CISC 457 - Run Length Encoding

The idea is to encode runs of the same value by specifying only the value and the number of times it appears in the run.

This usually doesn't work well on arbitrary sequences, like

$5\ 1\ 1\ 1\ 0\ 5\ 0\ 7\ 8\ 5\ 0\ 0\ 0\ 2$

which would be encoded as

$1 \times 5, 3 \times 1, 1 \times 0, 1 \times 5, 1 \times 0, 1 \times 7, 1 \times 8, 1 \times 5, 3 \times 0, 1 \times 2$

Using Bit Planes

Instead, we can look at the individual bit-planes to find more repetition. Here are the four bit-planes for the sequence above: $\begin{array}{l|ccccccccccccc} & 5 & 1 & 1 & 1 & 0 & 5 & 0 & 7 & 8 & 5 & 0 & 0 & 2 \\ \hline \textrm{bit } 3 & 0 & 0 & 0 & 0 & 0 & 0 & 0 & 0 & 1 & 0 & 0 & 0 & 0 \\ \textrm{bit } 2 & 1 & 0 & 0 & 0 & 0 & 1 & 0 & 1 & 0 & 1 & 0 & 0 & 0 \\ \textrm{bit } 1 & 0 & 0 & 0 & 0 & 0 & 0 & 0 & 1 & 0 & 0 & 0 & 0 & 1 \\ \textrm{bit } 0 & 1 & 1 & 1 & 1 & 0 & 1 & 0 & 1 & 0 & 1 & 0 & 0 & 0 \\ \end{array}$

Each plane could be encoded separately, with a special "end of line" marker on each, like this: $\begin{array}{l|ccccccccc} & 0s & 1s & 0s & 1s & 0s & 1s & 0s & 1s & 0s & \\ \hline \textrm{bit } 3 & 8 & 1 & X \\ \textrm{bit } 2 & 0 & 1 & 4 & 1 & 1 & 1 & 1 & 1 & X \\ \textrm{bit } 1 & 7 & 1 & 4 & X \\ \textrm{bit } 0 & 0 & 4 & 1 & 1 & 1 & 1 & 1 & 1 & X \\ \end{array}$

The first row, for example, shows $8 \times 0$ , then $1 \times 1$ , then the remainder of the line is $0$ .

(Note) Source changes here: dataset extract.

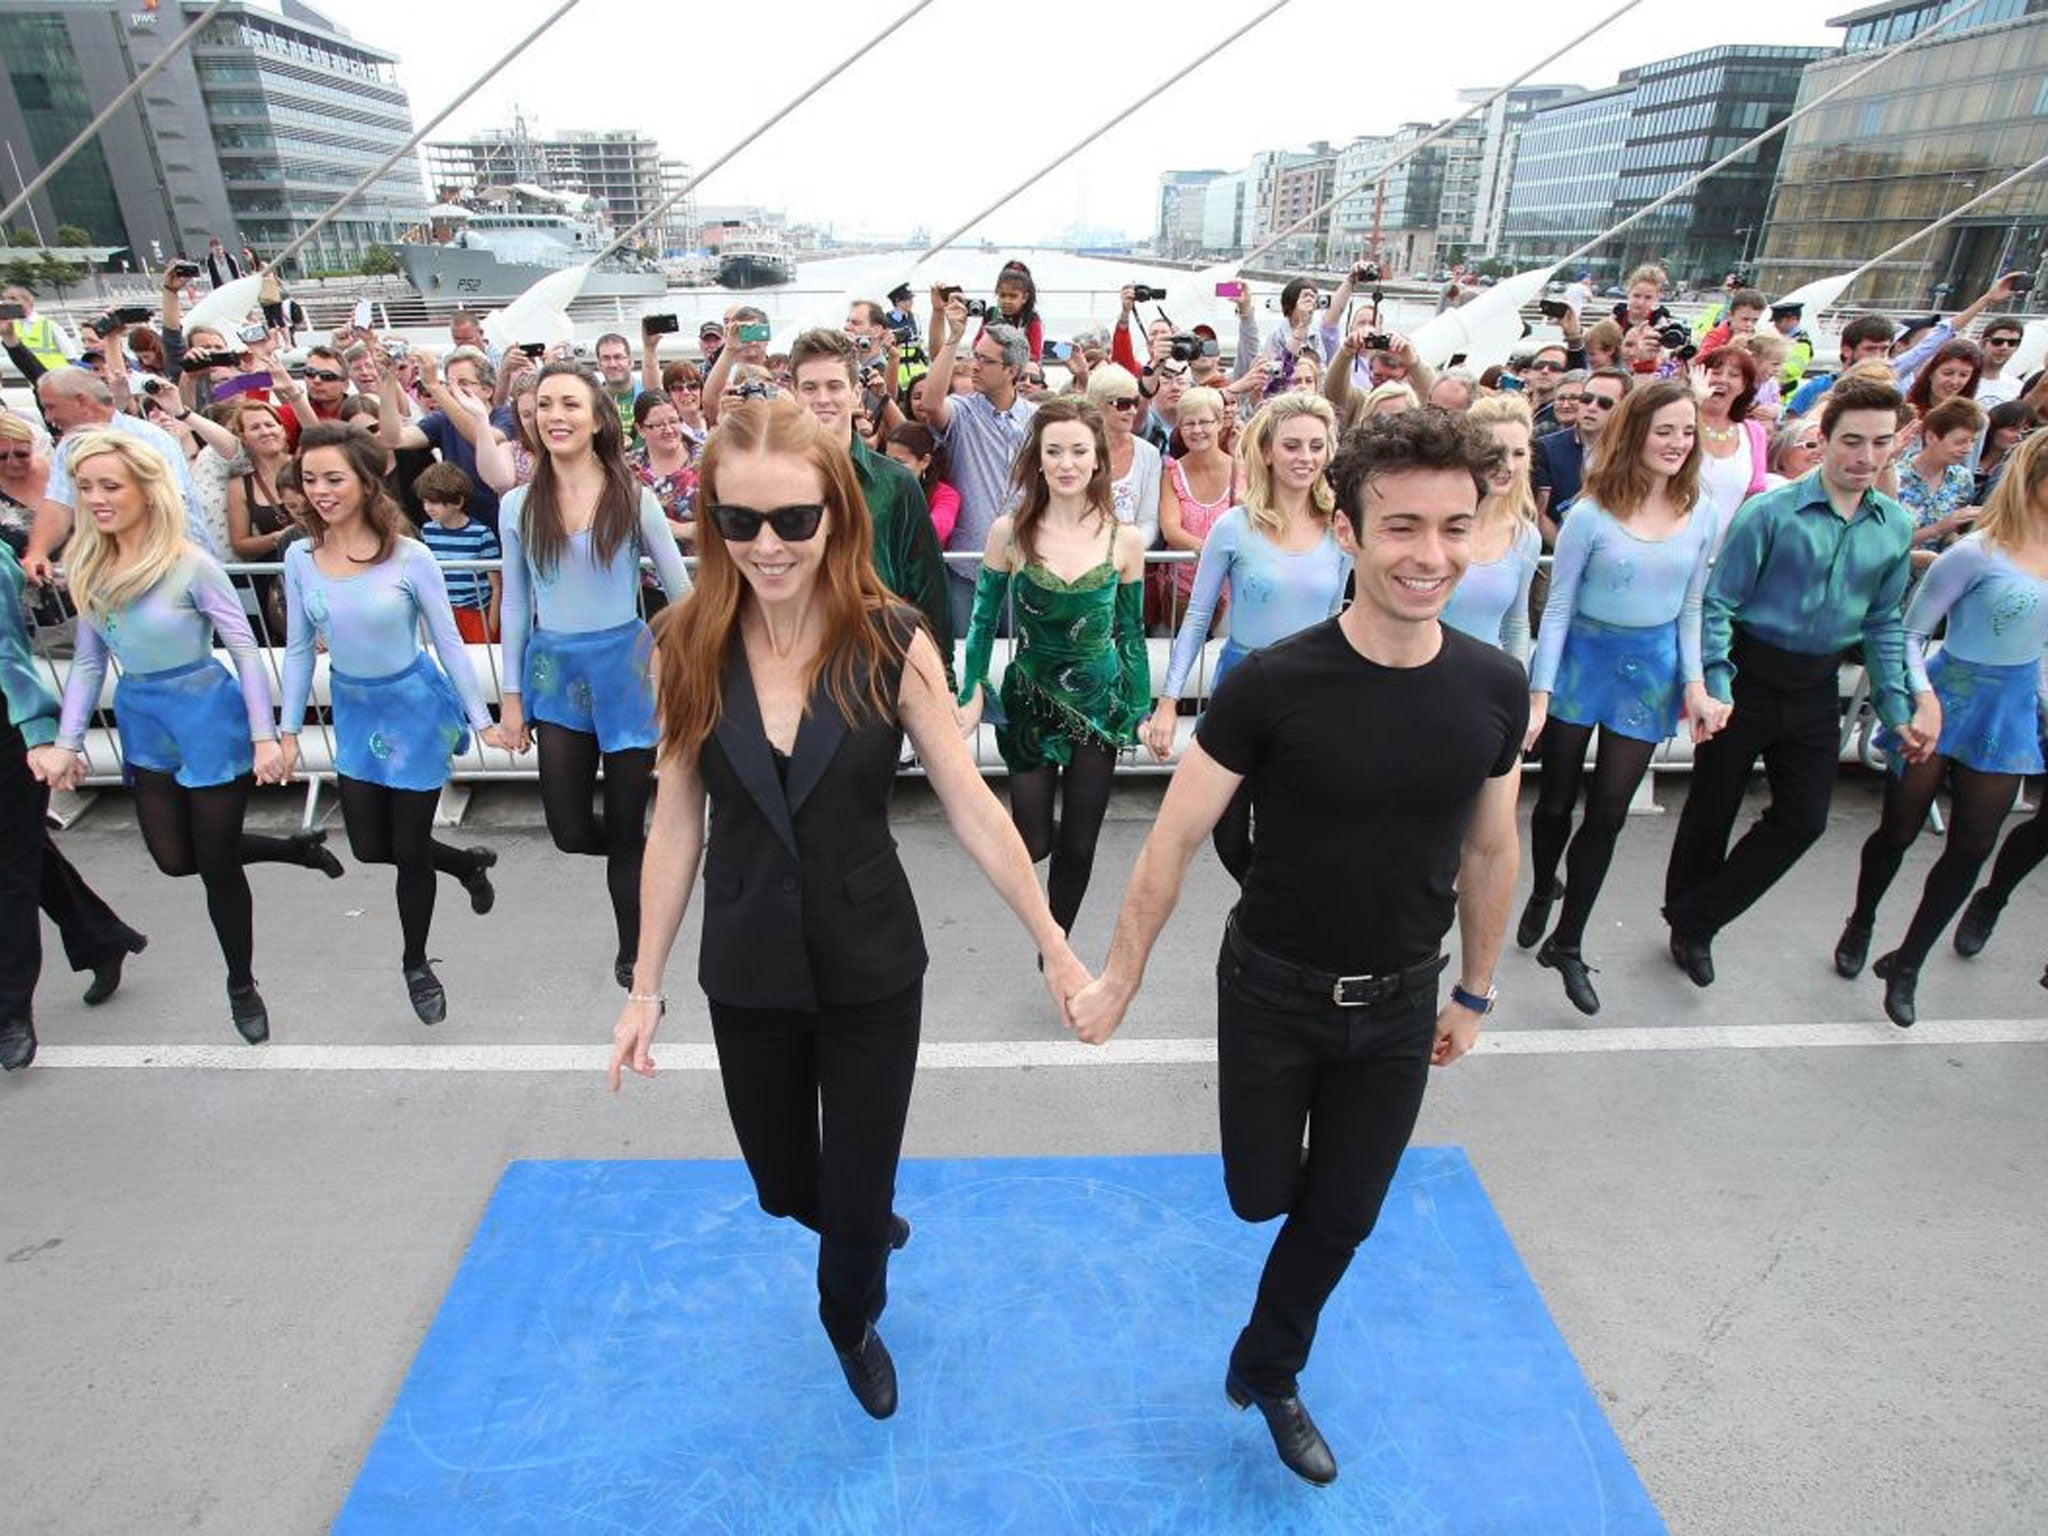 Jean Butler and Padraic Moyles lead the cast of Riverdance on Samuel Beckett Bridge during the world record attempt for the longest line of Irish dancers in Dublin

Then the whole stream of tokens is $8\ 1\ X\ 0\ 1\ 4\ 1\ 1\ 1\ 1\ 1\ X\ 7\ 1\ 4\ X\ 0\ 4\ 1\ 1\ 1\ 1\ 1\ 1\ X$

Run length encoding is used in the mapper part of an encoder to reduce redundancy. We can take the stream of tokens and further compress is in the symbol coder part of the encoder using entropy encoding.

For example, if we Huffman-encode the above stream of tokens, we get these codes: $\begin{array}{c|ccccccccc} \textrm{token} & \textrm{encoding} \\ \hline X & 01 \\ 0 & 0001 \\ 1 & 1 \\ 2 \\ 3 \\ 4 & 001 \\ 5 \\ 6 \\ 7 & 00000 \\ 8 & 00001 \\ \end{array}$

And the final encoding is (with spaces added to show the separate symbols): $00001\ 1\ 01\ 0001\ 1\ 001\ 1\ 1\ 1\ 1\ 1\ 01\ 00000\ 1\ 001\ 01\ 0001\ 001\ 1\ 1\ 1\ 1\ 1\ 1\ 01$

The original encoding had 52 bits (4 bpp), while this encoding has 49 (3.77 bpp).

Note that the entropy, $H$ , of the original stream is 2.35 bpp. So we're not achieving very good compression!

Using Grey Codes

Images can often be characterized by gradual changes in big regions, plus places where there are quick changes. This isn't a universal characterization, of course, but the observation leads to another method of run-length encoding.

Grey codes are bit representations of numbers that, unlike binary codes, differ by at most one bit between adjacent numbers. Here, for example, are Grey codes for the numbers 0 to 8: $\begin{array}{c|ccccccccc} \textrm{token} & \textrm{encoding} \\ \hline 0 & 0000 \\ 1 & 0001 \\ 2 & 0011 \\ 3 & 0010 \\ 4 & 0110 \\ 5 & 0111 \\ 6 & 0101 \\ 7 & 0100 \\ 8 & 1100 \\ \end{array}$

Grey codes could be using instead of binary to provide more coherence in each bit plane, but only if values change gradually.